A recent report from McKinsey & Co indicates that diversity in a company’s leadership is not just nice to have, but has a strong relationship to better financial performance. The report finds that companies in the top quartile of gender diversity were 15 percent more likely to have financial returns above the industry average, and companies in the top quartile of racial/ethnic diversity were 30 percent more likely to have such returns. On the other side of the spectrum, the least diverse companies were statistically less likely to perform above the industry average, meaning diverse companies are proving more profitable.
Why does gender diversity seem to have less of an impact? McKinsey’s report suggests that the earlier-begun work to increase women’s participation in the top level of business has already demonstrated some positive results. Whereas, according to this report, racial diversity has not been as strong of a focus for as long, and it is now starting to yield results for the companies who are focused on it.

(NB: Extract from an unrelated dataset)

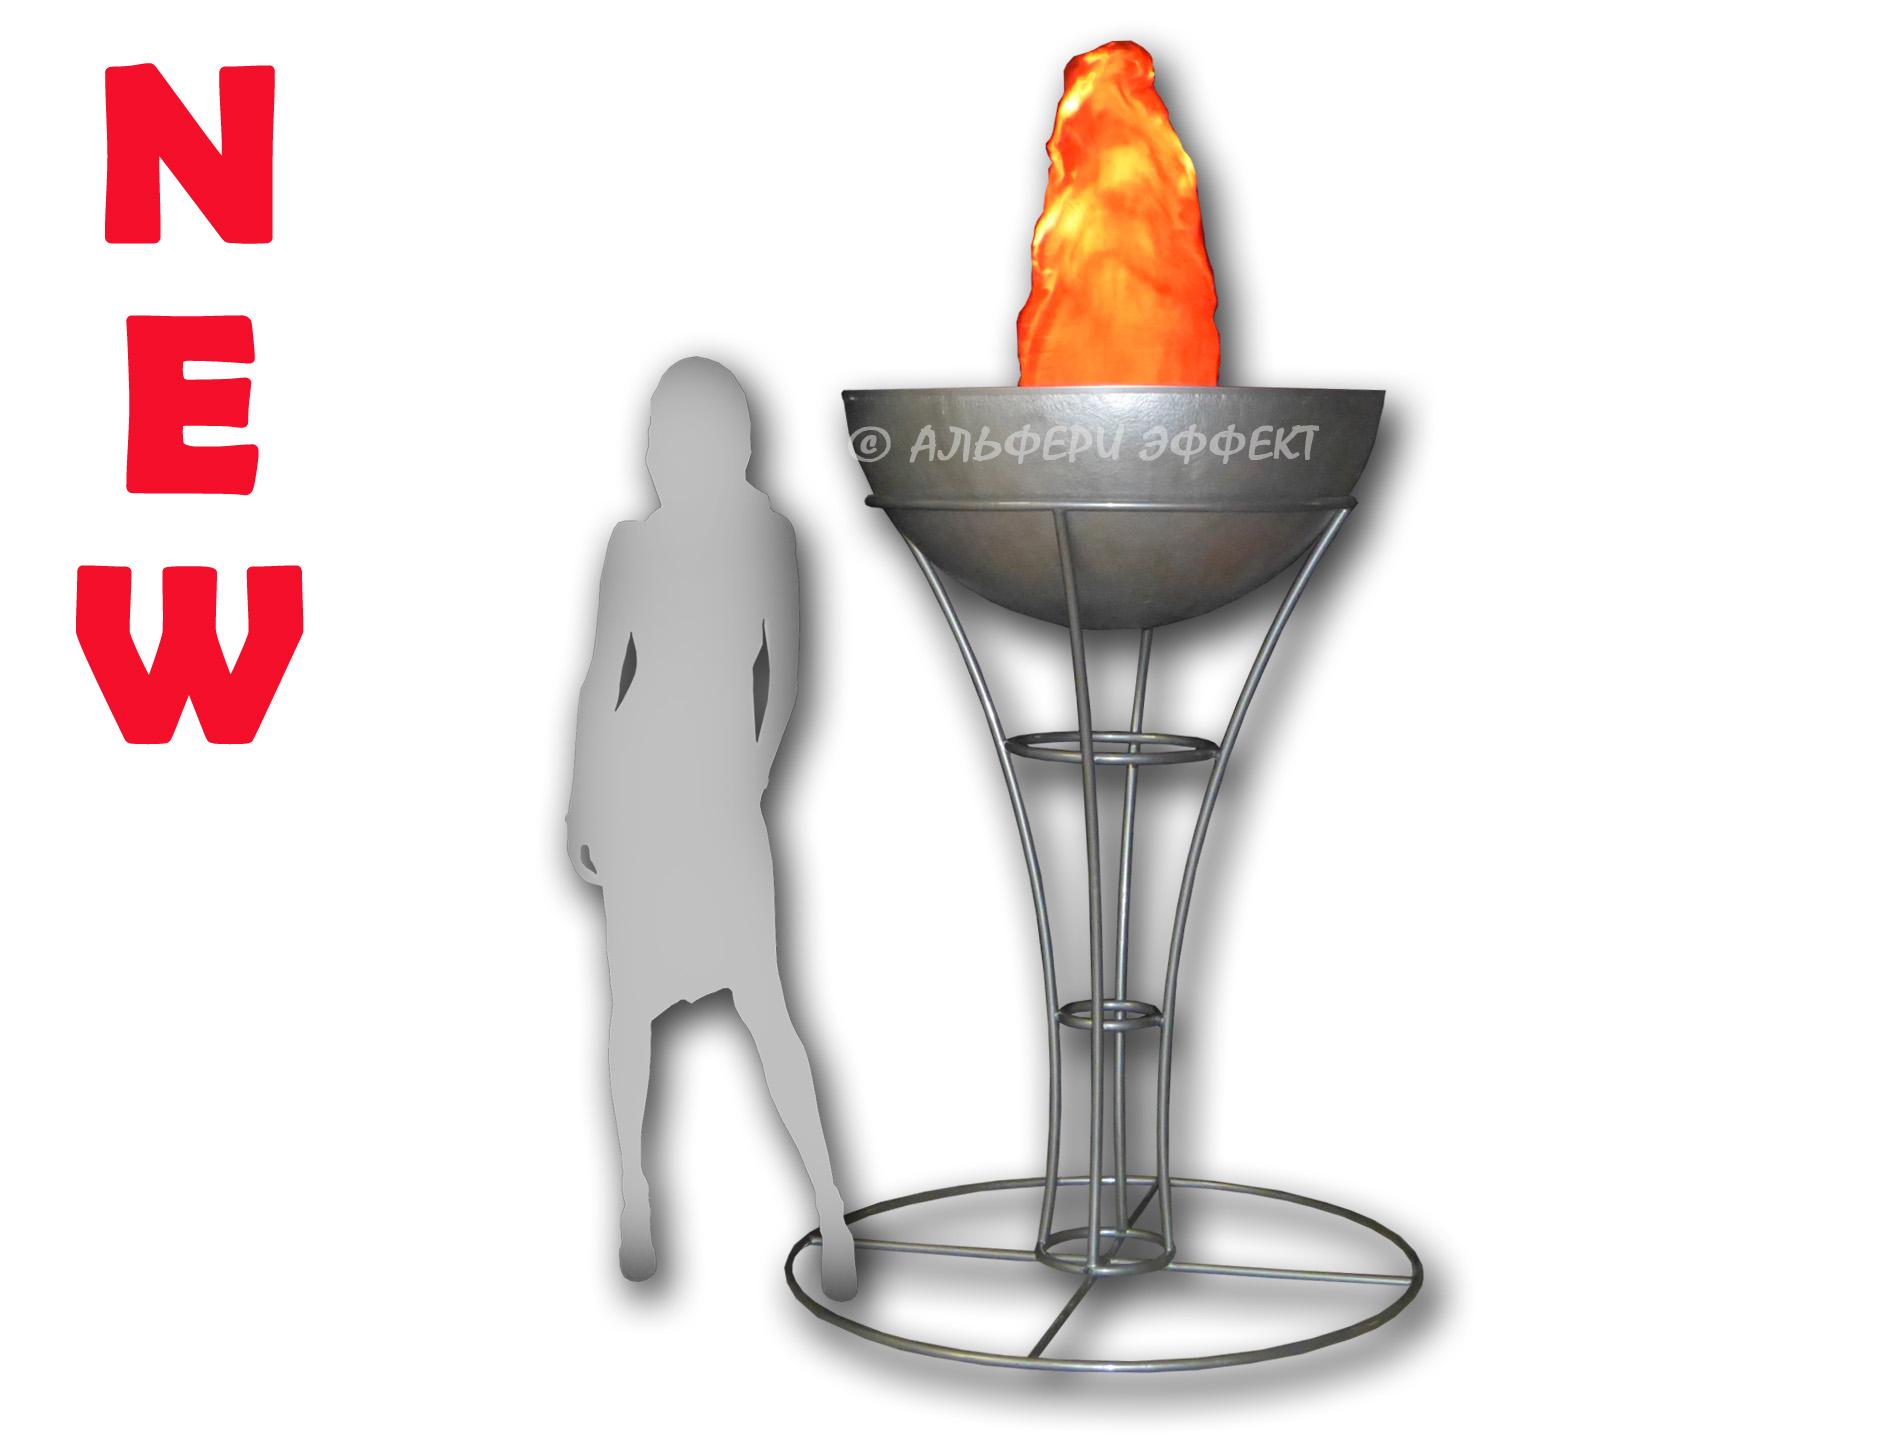 Чаша для Олимпийских игр имитирующая пламя от Альфери Эффект

The issue of diverse workplaces is an important topic for CDFIs, including OBDC (you can watch part of the discussion held at Opportunity Finance Network’s 2014 conference on the topic). To truly be a community lender, OBDC believes it is important that our staff and board have strong cultural competencies and reflect the demographics of our community and clients. We are proud to be leading in this area, with a highly diverse, talented team that can meet the needs of our communities.
What can you do if your company or organization is in need of a transformation? This report suggests that two critical steps. One, have a visible commitment from your leadership team about inclusion and diversity, and, two, address unconscious bias in an articulated transformation program.